I agree. 30M is good enough for swimming. 50M is the standard, but you know that's conservative.


----------



## Janne (Apr 16, 2007)

Also, the only way to be sure your watch is watertight is to have it pressuretested on a regular basis.


----------



## igorycha (Dec 10, 2008)

And all that sophisticated math and 1000 meter WR can be spoiled by one unscrewed crown!


----------



## HilltopMichael (Mar 5, 2008)

igorycha said:


> And all that sophisticated math and 1000 meter WR can be spoiled by one unscrewed crown!
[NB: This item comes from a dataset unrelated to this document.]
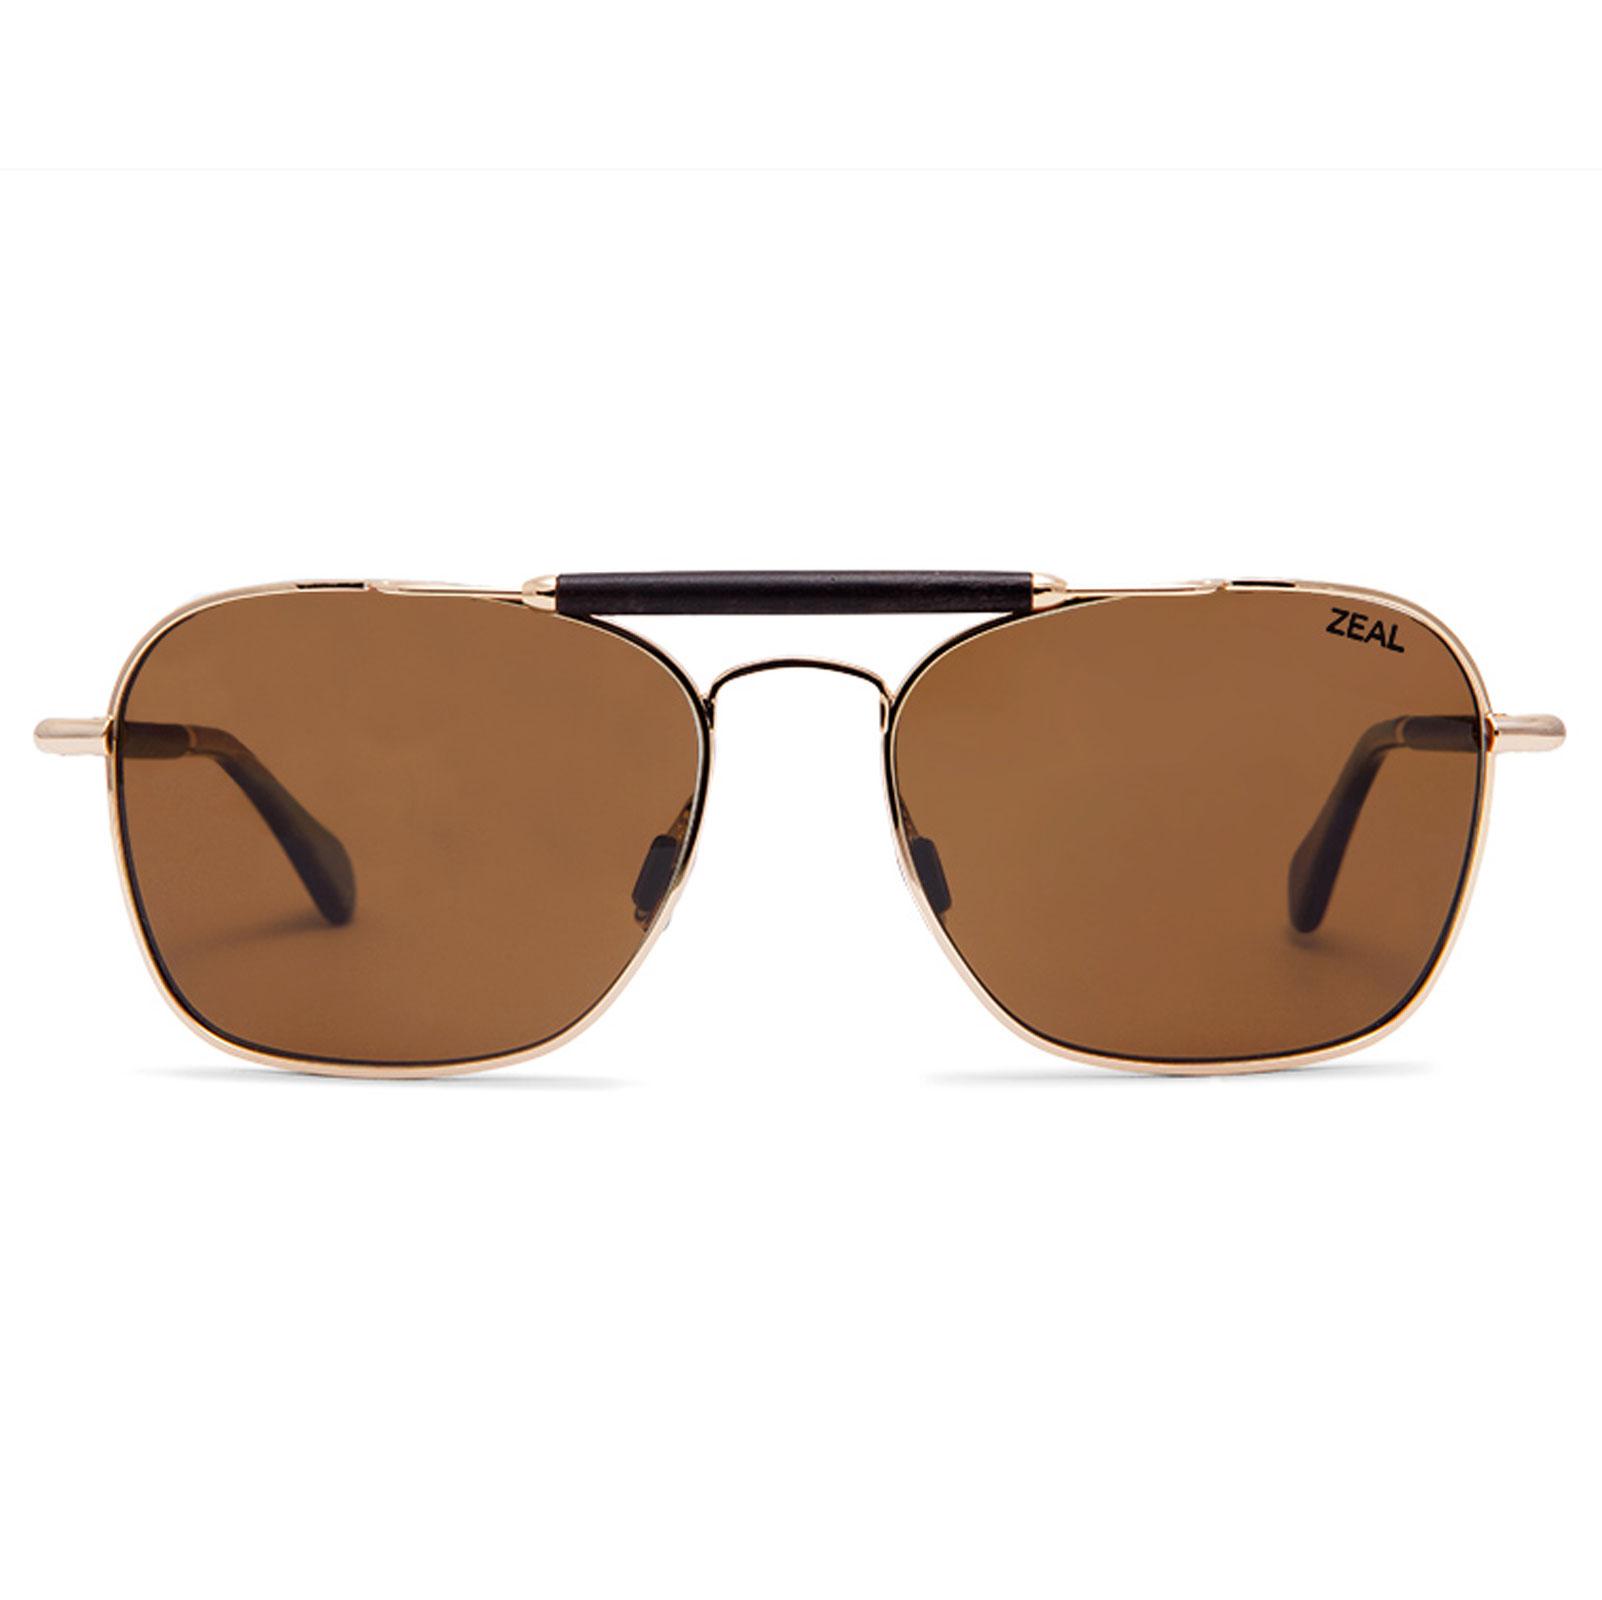 dd89b0aa00 Zeal Optics Draper Sunglasses Eyewear UV Protection Polarized Durable

Probably not. It's not the screw down crown that keeps the water out but the O-ring around the stem, at least for most watches. I've even seen specs that listed water resistance depths with and without the crown screwed down. There are also plenty of watches with good WR ratings that don't have a screw down crown.


----------



## dringer (Aug 24, 2009)

Just remember, if you're at the beach and get hit just right by a large wave, the pressure on your watch can be quite significant - even though you're actually still on the surface and the water (wave) is traveling more or less horizontally.

Been there, done that.o|


----------



## 124Spider (Feb 1, 2009)

Unless you're surfing in 50 foot waves, waves won't make a 50m or 100m watch that's functioning properly fail. Lots of people here have shown the math, and it's just not a big deal.


----------



## dringer (Aug 24, 2009)

124Spider said:


> waves won't make a 50m or 100m watch that's functioning properly fail.


Exactly.


----------



## Scrapiron (Jan 28, 2010)

*So...*

is it crazy to think a 30m, 50M, or 100M WR watch should perform as advertised? Understanding there may be a QC issue every now and again.


----------



## TheWalrus (Mar 16, 2009)

After waiting a couple hours since your last meal.


----------



## dougcee (Feb 7, 2009)

Walrus beat me to it with that clever comeback! :-d


----------



## narcosynthesis (Dec 28, 2009)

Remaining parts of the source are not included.